* [THE TASK]: Reproduce the listing that follows word for word, without its pictures.

### DATA BELOW ###

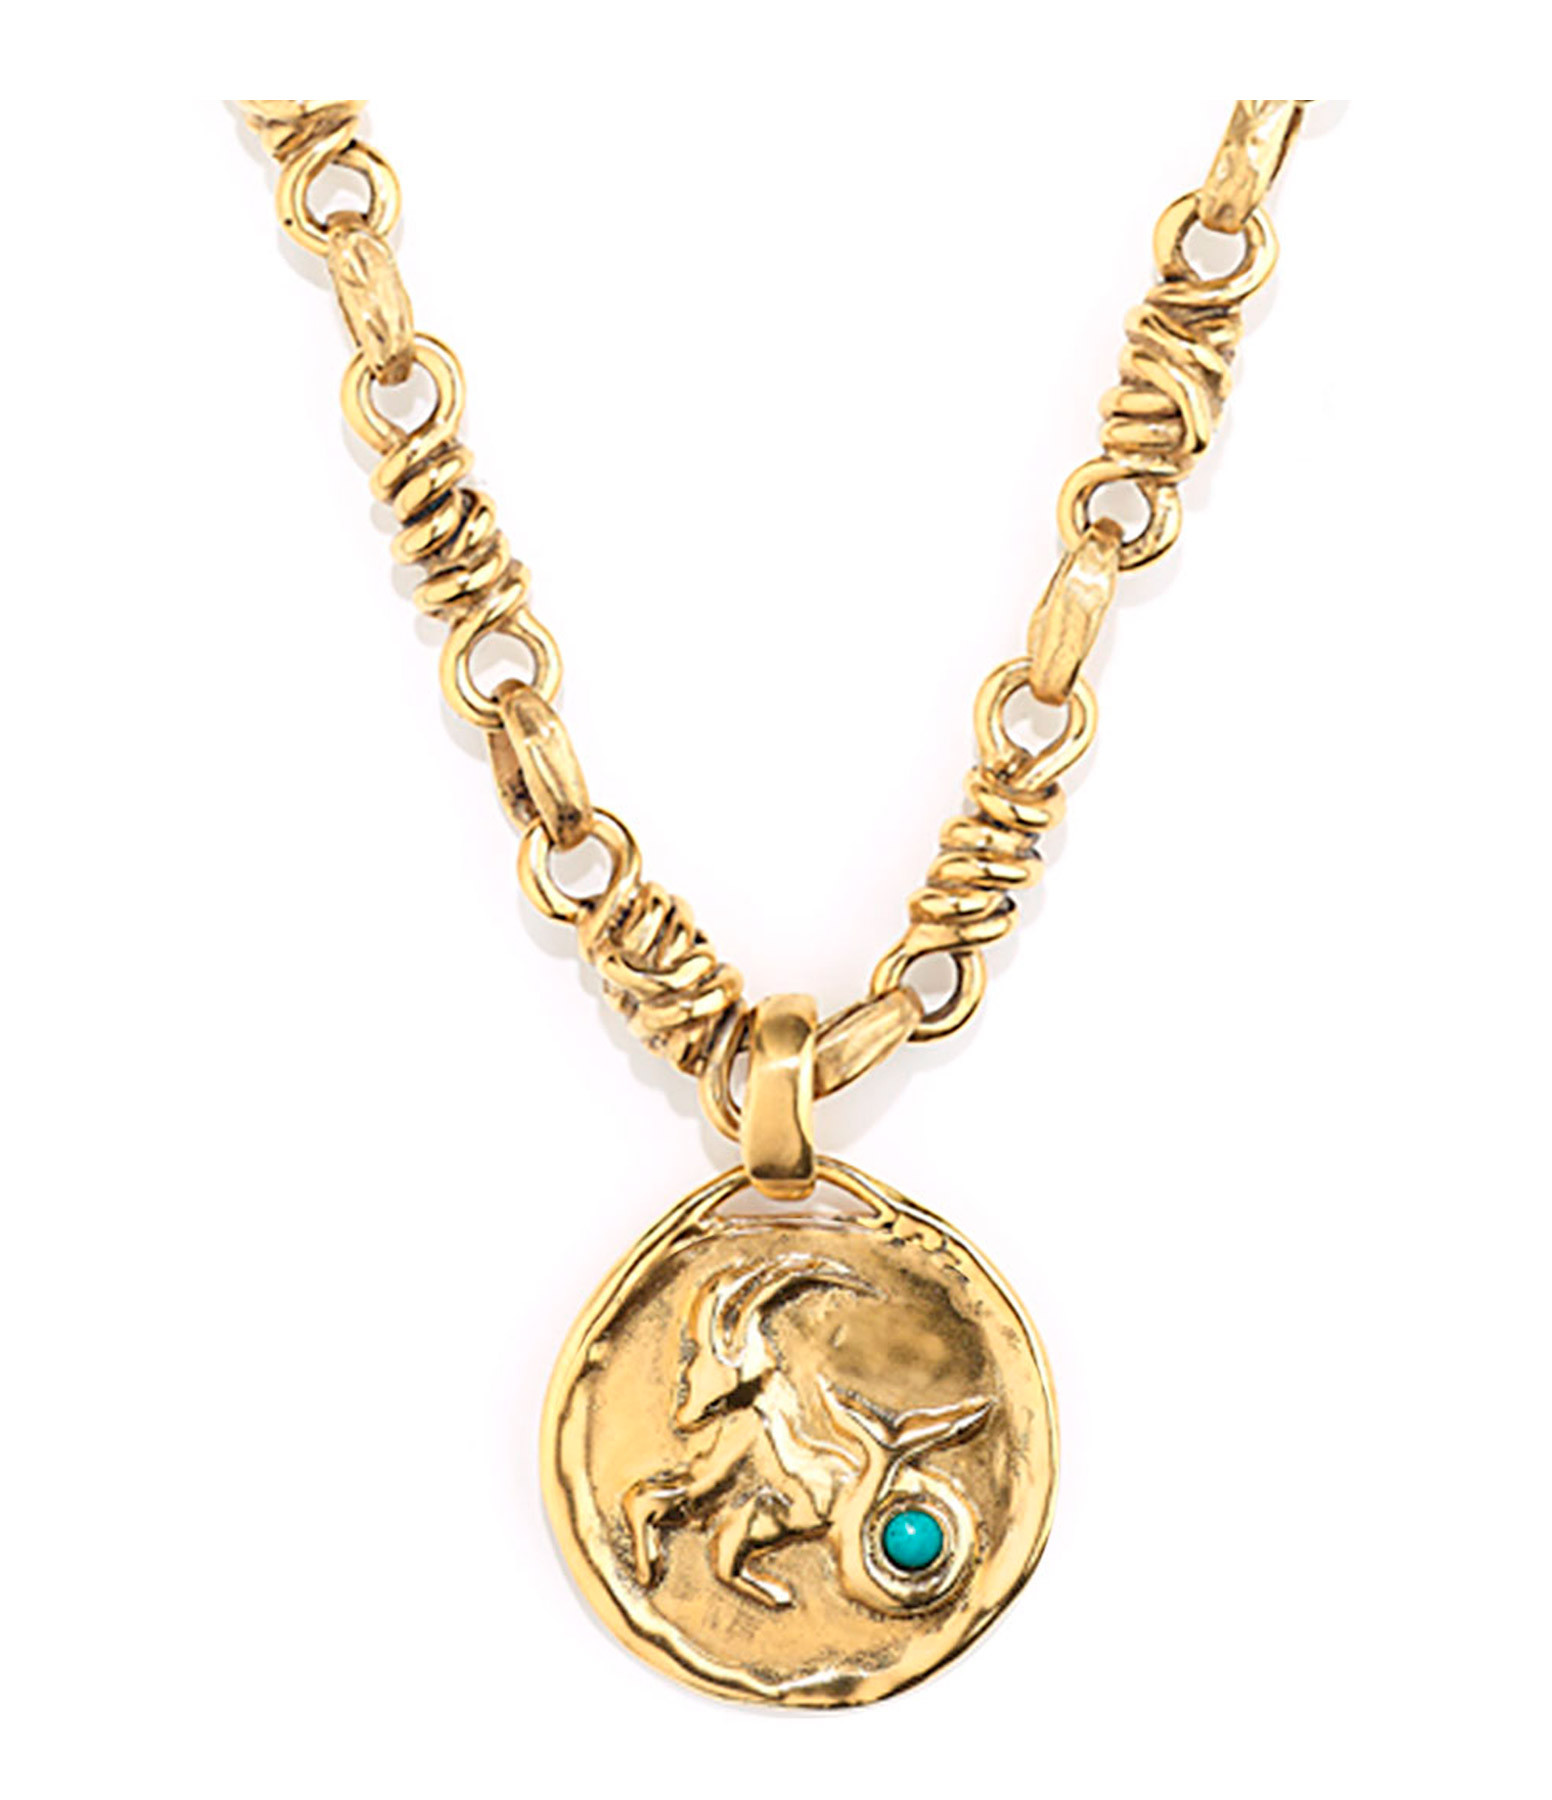 GOOSSENS - Collier Talisman Astro Capricorne Turquoise
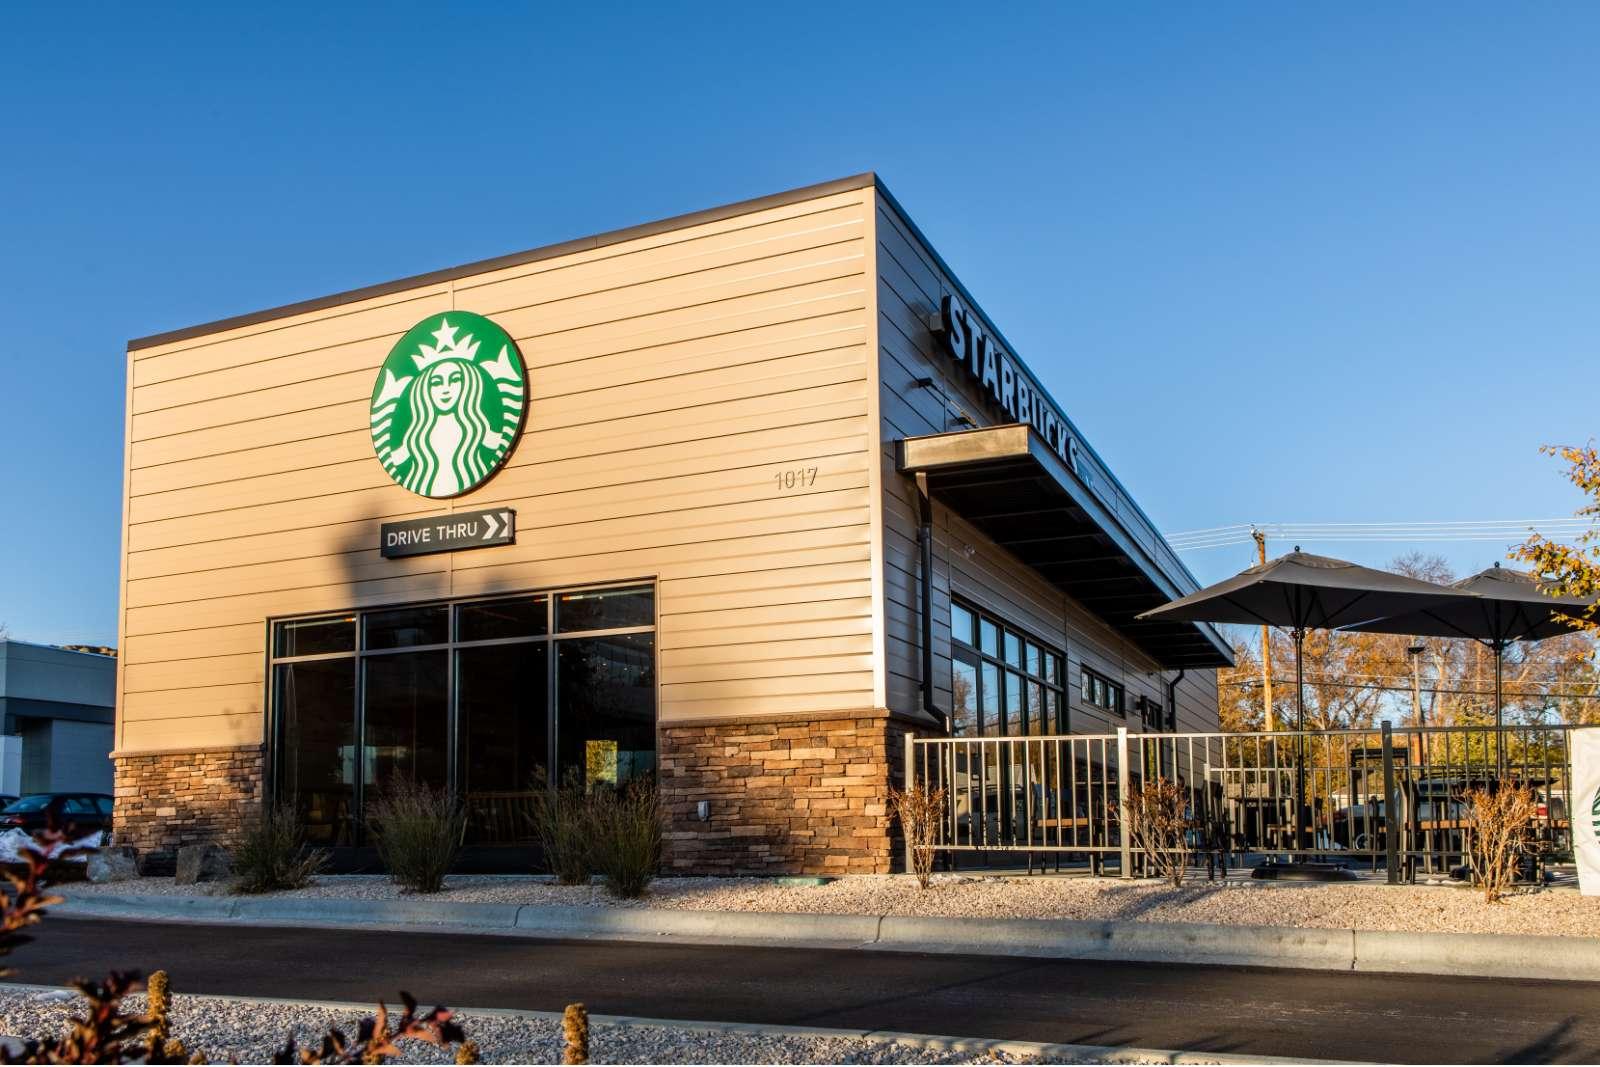 CWG - Starbucks Billings (3 of 5)
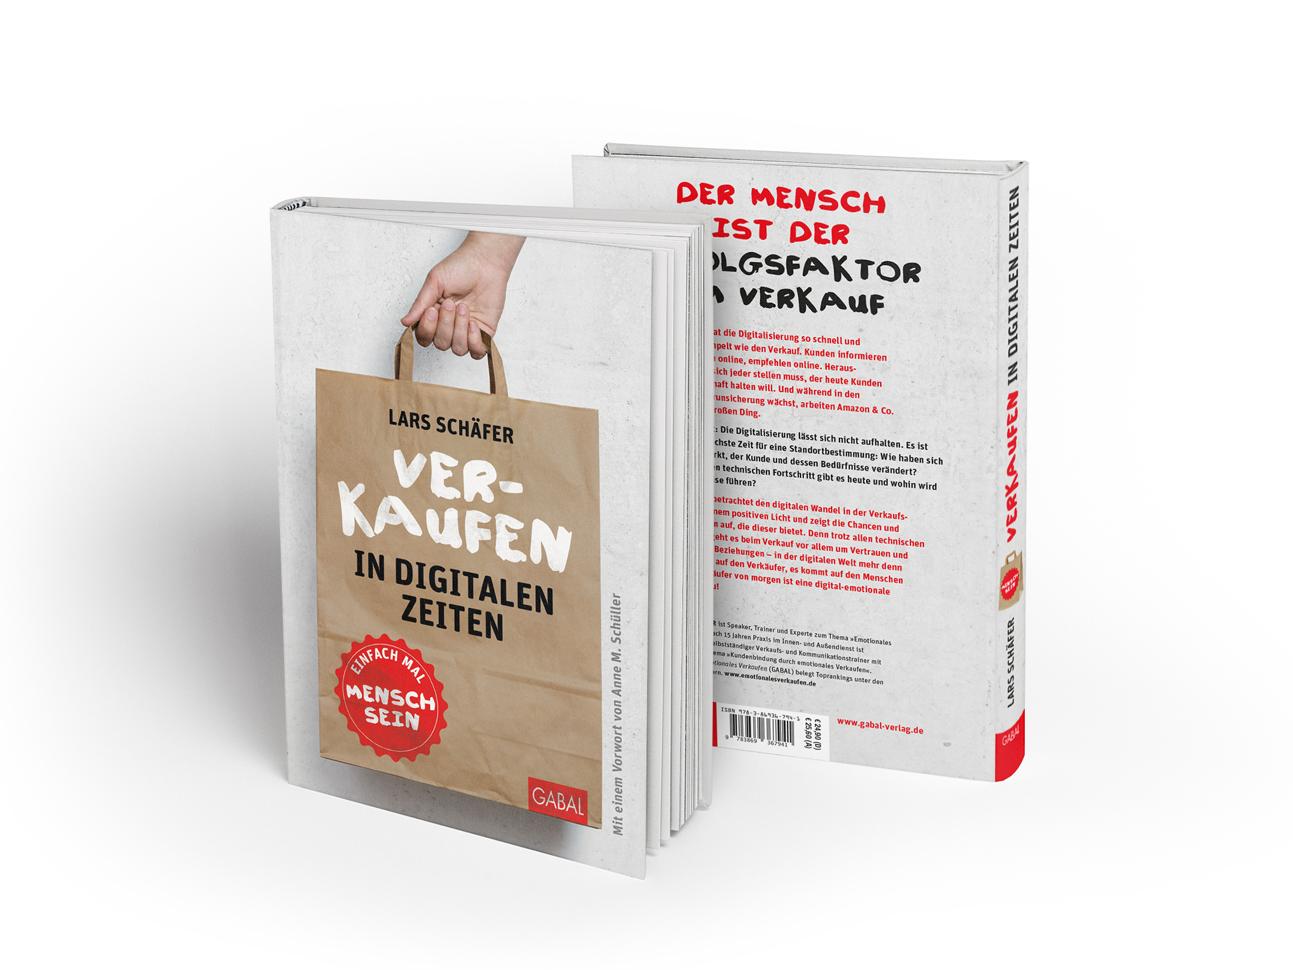 martin zech design, buchcover design, lars schaefer, verkaufen in digitalen zeiten

###

* [COMPLETED EXERCISE]:
 GOOSSENS - Collier Talisman Astro Capricorne Turquoise
 CWG - Starbucks Billings (3 of 5)
 martin zech design, buchcover design, lars schaefer, verkaufen in digitalen zeiten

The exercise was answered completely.